Ísis não era senão Vénus, e o seu culto misterioso recordava por uma grande multidão de alegorias a função que a mulher ou a natureza fêmea desempenham no Universo.
Osíris, seu esposo, era o emblema do homem, ou da natureza máscula, que tem necessidade do concurso da natureza fêmea para criar novos seres. O boi e a vaca eram, pois, os símbolos de Osíris e de Ísis. Os sacerdotes da deusa levavam nas cerimónias a Joeira mística, que recebe o grão e os seus despojos, mas apura somente o primeiro, desprezando os segundos: os sacerdotes do deus levavam o sagrado Tau, ou a chave que abre as mais sólidas e difíceis fechaduras. O Tau simbolizava o órgão masculino; a Joeira, o órgão feminino. Havia ainda o olho sem sobrancelhas ou com elas, que se colocava ao lado dos atributos de Osíris para simular as relações de ambos os sexos.

Cortesia de niltoncavalini
Assim nas procissões de Ísis, imediatamente depois da vaca de leite, as raparigas consagradas, que se chamavam cystophoras, conduziam a cesta mística, feita de junco, que continha pequenos pães redondos ou ovais furados no centro. Junto das cystophoras uma sacerdotisa levava no seio uma urna de ouro em que se guardava o falo, que era segundo Apulleo a adorável imagem da divindade suprema e o instrumento dos mistérios mais secretos. Este falo, o símbolo da virilidade humana, aparecia sem cessar e sob todas as formas no culto egípcio, e era a representação figurada de uma parte do corpo de Osíris, que Ísis não pudera encontrar, quando reunira e conjugara os membros dispersos de seu esposo, morto ou mutilado pelo odioso Typhon, irmão da vítima. Pode avaliar-se o que seria o culto de Ísis e Osíris, pelos próprios objectos que eram os seus misteriosos símbolos.

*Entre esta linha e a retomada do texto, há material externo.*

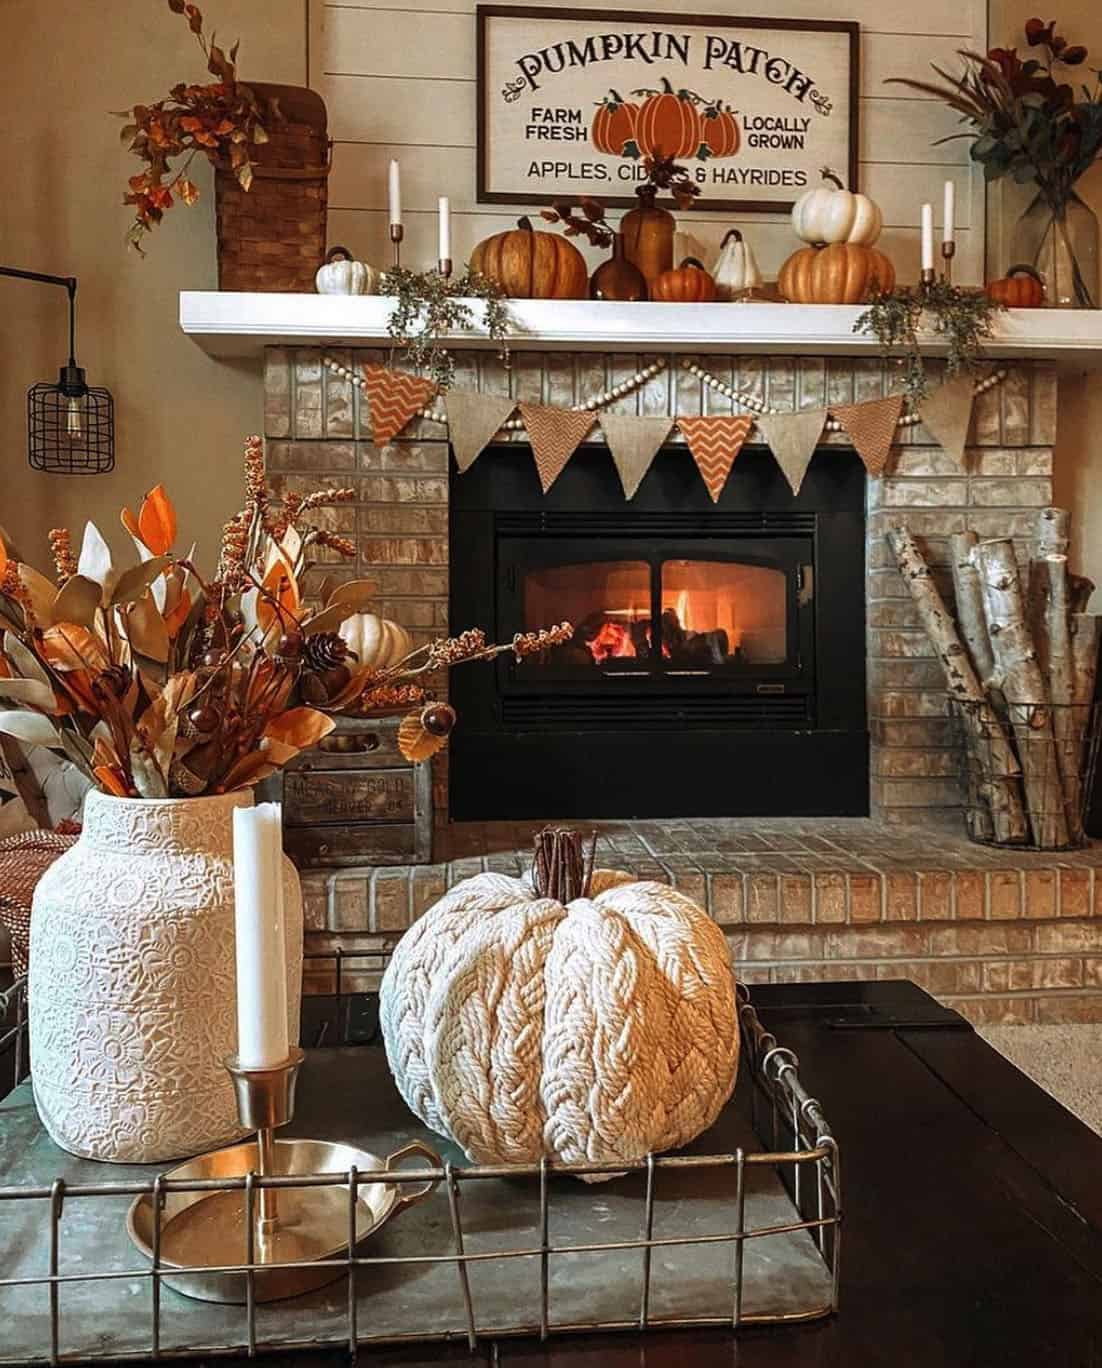 Autumn Allure: Creating a Welcoming Home for the Season

Em semelhante culto a prostituição religiosa devia ter a mais ampla latitude. O sacerdote aproveitava-a largamente fazendo dela um dos rendimentos mais produtivos do culto, pelo menos nos primeiros tempos. A prostituição reinava com toda a sua licença nas iniciações. O deus e a deusa haviam delegado todos os seus poderes nos seus ministros, os quais largamente se aproveitavam de semelhante concessão, iniciando os neófitos de ambos os sexos nas mais infames e escandalosas desordens.
Santo Epifânio diz que estas cerimónias ocultas eram uma alusão aos costumes dos homens antes do estabelecimento da sociedade. As iniciações consistiam na promiscuidade dos sexos e em todas as licenças sensuais da mais grosseira e brutal libertinagem. Heródoto refere-nos o modo como se preparavam para as festas de Ísis os adoradores da deusa, que tinha o nome de Diana na cidade de Bubasta:

Cortesia de valedealmeida
«Homens e mulheres, completamente confundidos sem decoro ou compostura, dirigem-se a Bubasta por água, indo em cada barca um grande número de pessoas de um e outro sexo. Enquanto dura a navegação, as mulheres manifestam uma grande alegria e algumas delas fazem ressoar as suas pandeiretas, em quanto os homens tocam flauta. Os outros passageiros cantam e batem palmas. Ao passarem em frente de alguma povoação, aproximam a barca da praia, e as mulheres desatam em grande gritaria, enchendo de impropérios quantas vêm em terra. Estas respondem aos insultos, erguendo os vestidos de uma maneira indecente».
Tais obscenidades eram apenas o prelúdio das que iam ser praticadas em redor do templo, onde todos os anos vinham pelo menos oitocentos mil peregrinos entregar-se a incríveis excessos de libertinagem.